Saturday, September 15, 2012

Thoughts on Stackless KD-Tree Traversal

Edit: Erwin Coumans in the comments section has pointed me to a GDC 2009 talk by Takahiro Harada proposing something called Tree Traversal using History Flags, which is essentially the same as the idea proposed in this post, with the small exception that Harada's technique uses a bit field to track previously visited nodes on the up traverse. I think that Harada's technique is actually better than the pointer check I wrote about in this post, since keeping a bit field would allow for tracking the previously visited node without having to go back to global memory to do a node check. In other words, the bit field method allows for less thrashing of global memory, which I should think allows for a nice performance edge. So, much as I suspected, the idea in this post in one that folks smarter than me have arrived upon previously, and my knowledge of the literature on this topic is indeed incomplete. Much thanks to Erwin for pointing me to the Harada talk! The original post is preserved below, in case anyone still has an interest in reading it.



Of course, one of the biggest challenges to implementing a CUDA pathtracer is the lack of recursion on pre-Fermi GPUs. Since I intend for Takua-RT to be able to run on any CUDA enabled CPU, I necessarily have to work with the assumption that I won't have recursion support.
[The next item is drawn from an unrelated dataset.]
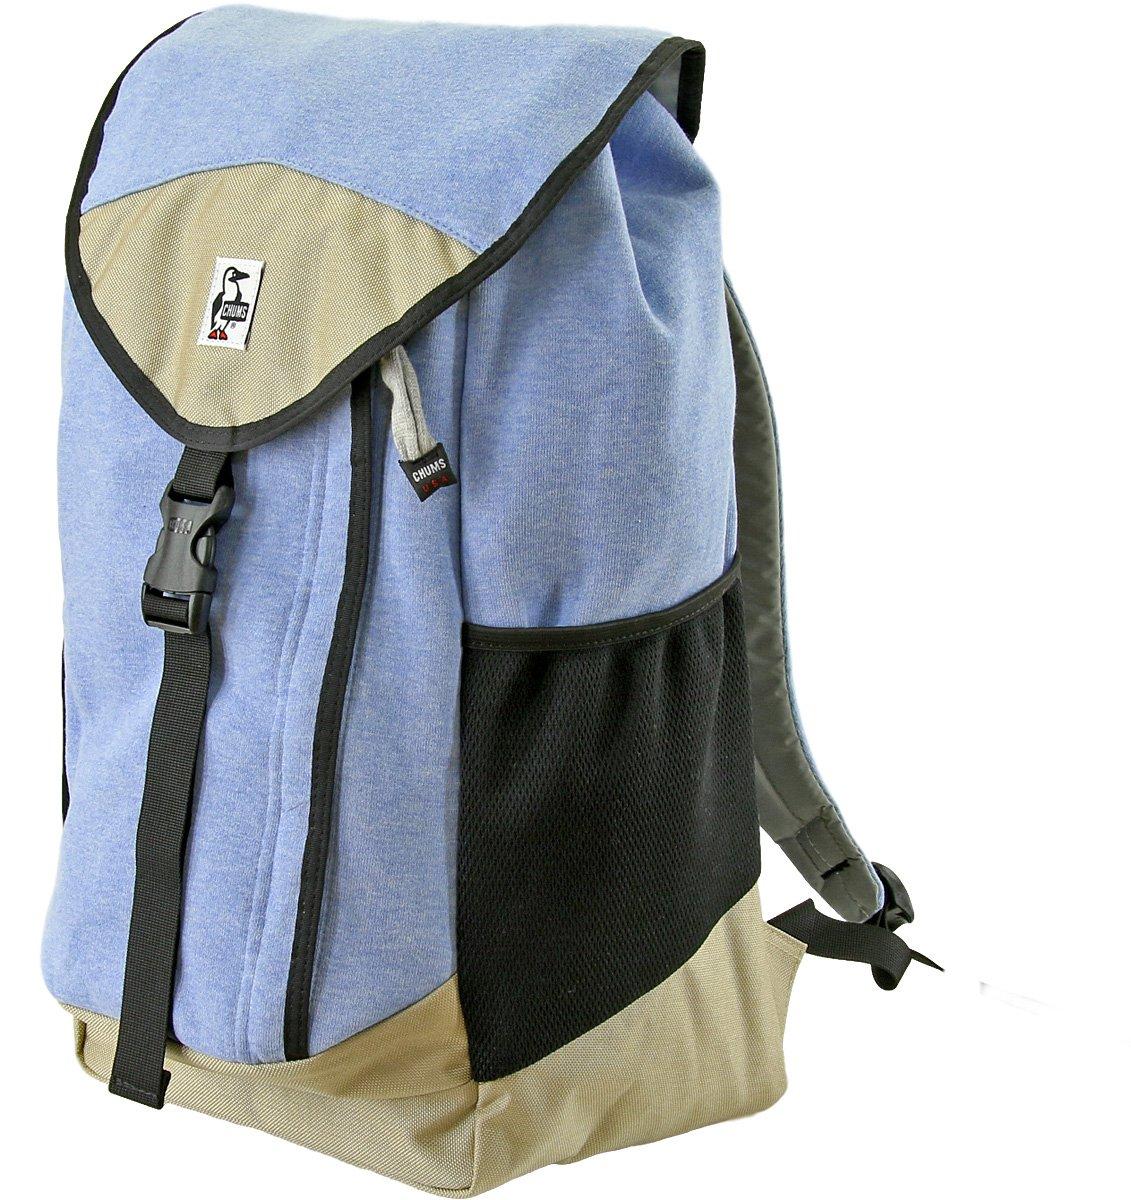 [チャムス] リュック Book Pack Sweat Nylon CH60-0680-A046-00 B01N9Z7BHE H-Sax/Beige-A046 H-Sax/Beige-A046

Getting around this problem in the core pathtracer is not actually a significant issue, as building raytracing systems that operate in an iterative fashion as opposed to in a recursive fashion is a well-covered topic.

Traversing a kd-tree without recursion, however, is a more challenging proposition. So far as I can tell from a very cursory glance at existing literature on the topic, there are presently two major approaches: fully stack-less methods that require some amount of pre-processing of the kd-tree, such as the rope-based method presented in Popov et. al. [2007], and methods utilizing a short stack or something similar, such as the method presented in Zhou et. al. [2008]. I'm in the process of reading both of these papers more carefully, and will probably explore at least one of these approaches soon. In the meantime, however, I thought it might be a fun exercise to try to come up with some solution of my own, which I'll summarize in this post. I have to admit that I have no idea if this is actually a novel approach, or if its something that somebody also came up with and rejected a long time ago and I just haven't found yet. My coverage of the literature in this area is highly incomplete, so if you, the reader, are aware of a pre-existing version of this idea, please let me know so that I can attribute it properly! 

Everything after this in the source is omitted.